Dal Vangelo secondo Marco
Mc 5, 21-43


In quel tempo, essendo Gesù passato di nuovo in barca all'altra riva, gli si radunò attorno molta folla ed egli stava lungo il mare. E venne uno dei capi della sinagoga, di nome Giàiro, il quale, come lo vide, gli si gettò ai piedi e lo supplicò con insistenza: "La mia figlioletta sta morendo: vieni a imporle le mani, perché sia salvata e viva". Andò con lui. Molta folla lo seguiva e gli si stringeva intorno.

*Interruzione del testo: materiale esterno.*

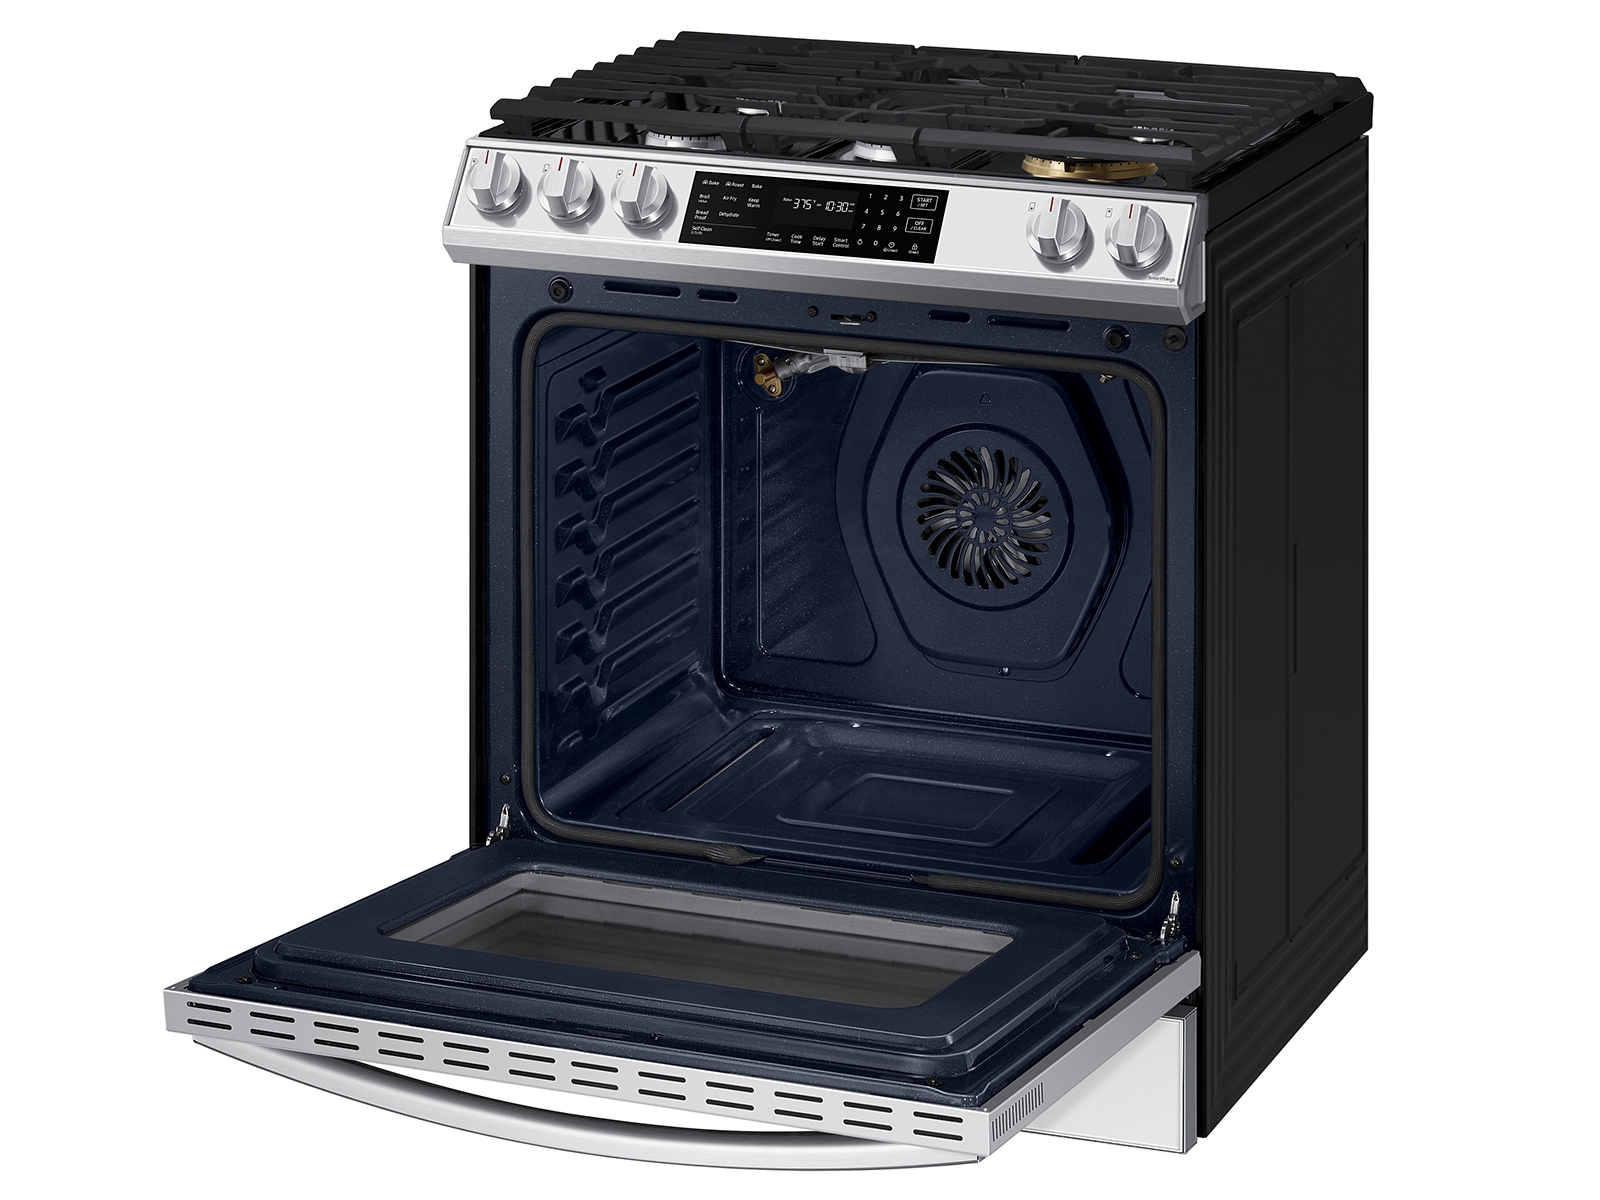 Thumbnail image of Bespoke 6.0 cu. ft. Smart Front Control Slide-In Gas Range with Air Fry &amp; Wi-Fi in White Glass

Ora una donna, che aveva perdite di sangue da dodici anni e aveva molto sofferto per opera di molti medici, spendendo tutti i suoi averi senza alcun vantaggio, anzi piuttosto peggiorando, udito parlare di Gesù, venne tra la folla e da dietro toccò il suo mantello. Diceva infatti: "Se riuscirò anche solo a toccare le sue vesti, sarò salvata". E subito le si fermò il flusso di sangue e sentì nel suo corpo che era guarita dal male.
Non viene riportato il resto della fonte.